The bodies of victims of starvation lay scattered on the streets of Kharkiv, Ukraine. In Ukraine, particularly in 1932-1933, the Holodomor, a man-made famine, caused the deaths of millions of people. Not only due to crop failures and natural disasters, but also due to the man-made genocide by Joseph Stalin of the Soviet Union, Ukrainians starved to death.
From 1917, the Ukrainian national liberation movement developed rapidly within the territory of the Russian Empire. On January 22, 1918, the Central Council of the Ukrainian People's Republic declared the independence of the Ukrainian People's Republic. The territory of Ukraine, which had been divided between empires, was unified into a single state under a unification law. In the early 1920s, the Bolsheviks seized power in Russia and the Soviet Red Army occupied the Ukrainian People's Republic. Most of Ukraine came under the Soviet Union.

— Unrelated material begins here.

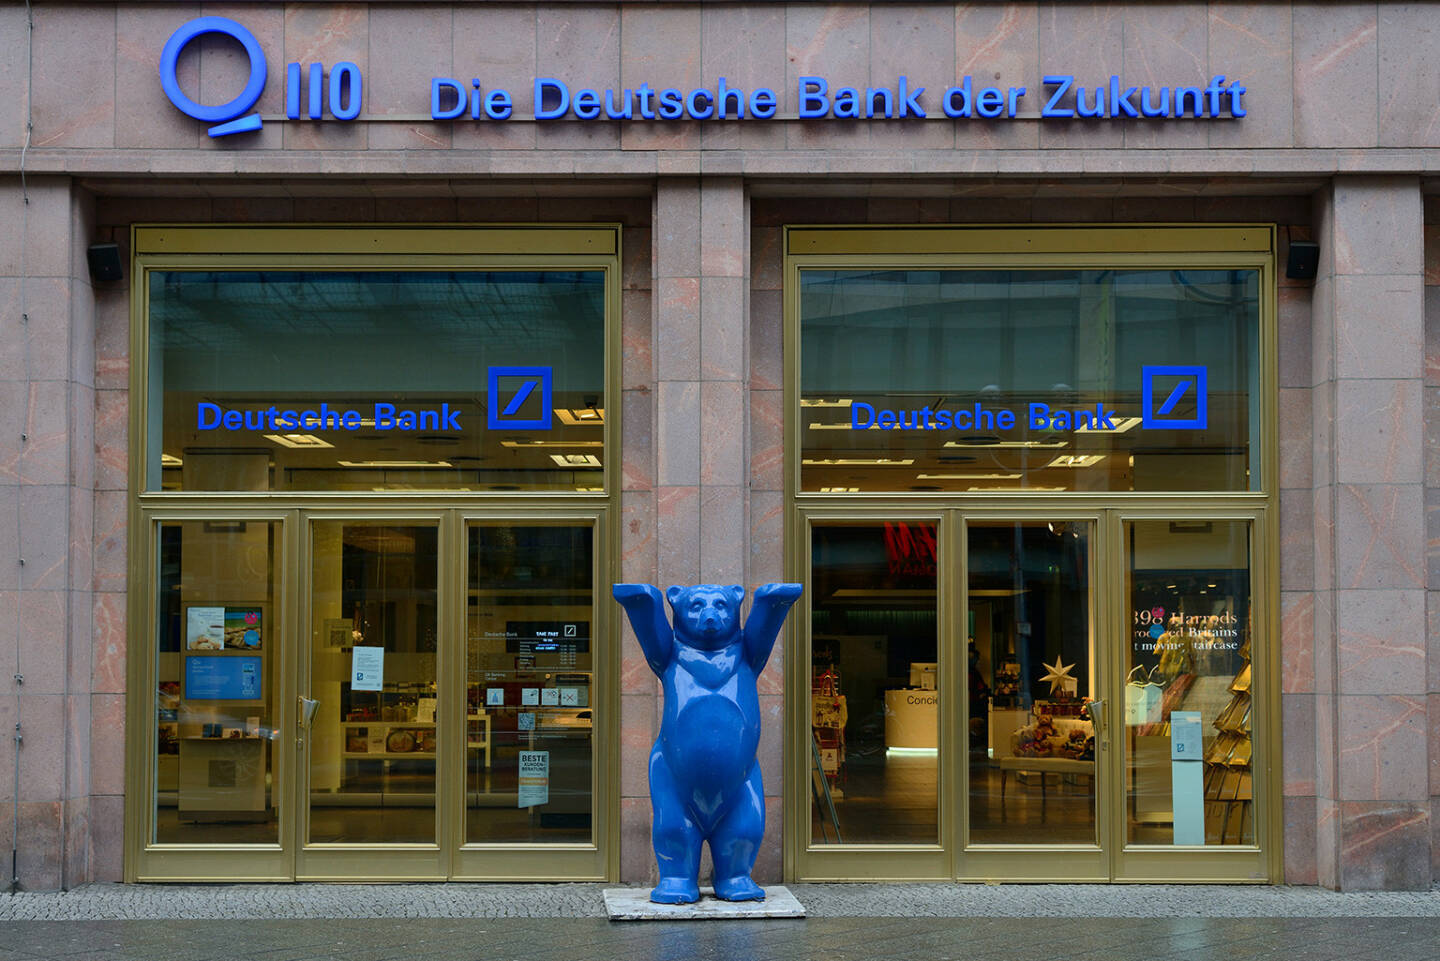 Deutsche Bank, Berlin, Die Deutsche Bank der Zukunft, blauer Bär <a href=http://www.shutterstock.com/gallery-586741p1.html?cr=00&pl=edit-00>astudio</a> / <a href=http://www.shutterstock.com/editorial?cr=00&pl=edit-00>Shutterstock.com</a>

At the end of the 1920s, Stalin consolidated all political power in the Soviet Union and he began forced collectivization and industrialization. In 1929, tens of thousands of agents of the State Political Administration, Communist Party cadres, and ordinary party members arrived in Ukrainian villages and forced peasants to join collective farms. In the first four months of 1930, more than 113,000 wealthy peasants were deported from Soviet Ukraine.
In February and March 1930, uprisings and armed demonstrations against the forced collectivization of farmland swept through the Ukrainian countryside. In 1930, more than 4,000 particularly large-scale protests broke out in Soviet Ukraine, involving 1.2 million peasants. In 1931, collectivization began again, and it spread not only to entire villages but also to individual families. The Soviet authorities collectivized around 70% of the Ukrainian farmers on the farms. In 1931, almost all of the crops were taken from the farmers in order to secure the set harvest quota.
At the beginning of 1932, Ukrainian villages were already starving, unable to have enough grain to sow the fields, and there were deaths from starvation in Ukrainian villages. In August 1932, the infamous “Spikelet Law” was issued, and anyone who “stole” collective farm property was executed. In the first half of 1933 there was an explosion in the death rate in Ukraine. From the end of 1932 to 1933, food and livestock other than grain were forcibly confiscated from the peasants. In January and February 1933, large-scale searches were carried out in the gardens and houses of private homes, and all remaining food was confiscated. The number of victims was estimated to be between 4 and 10 million.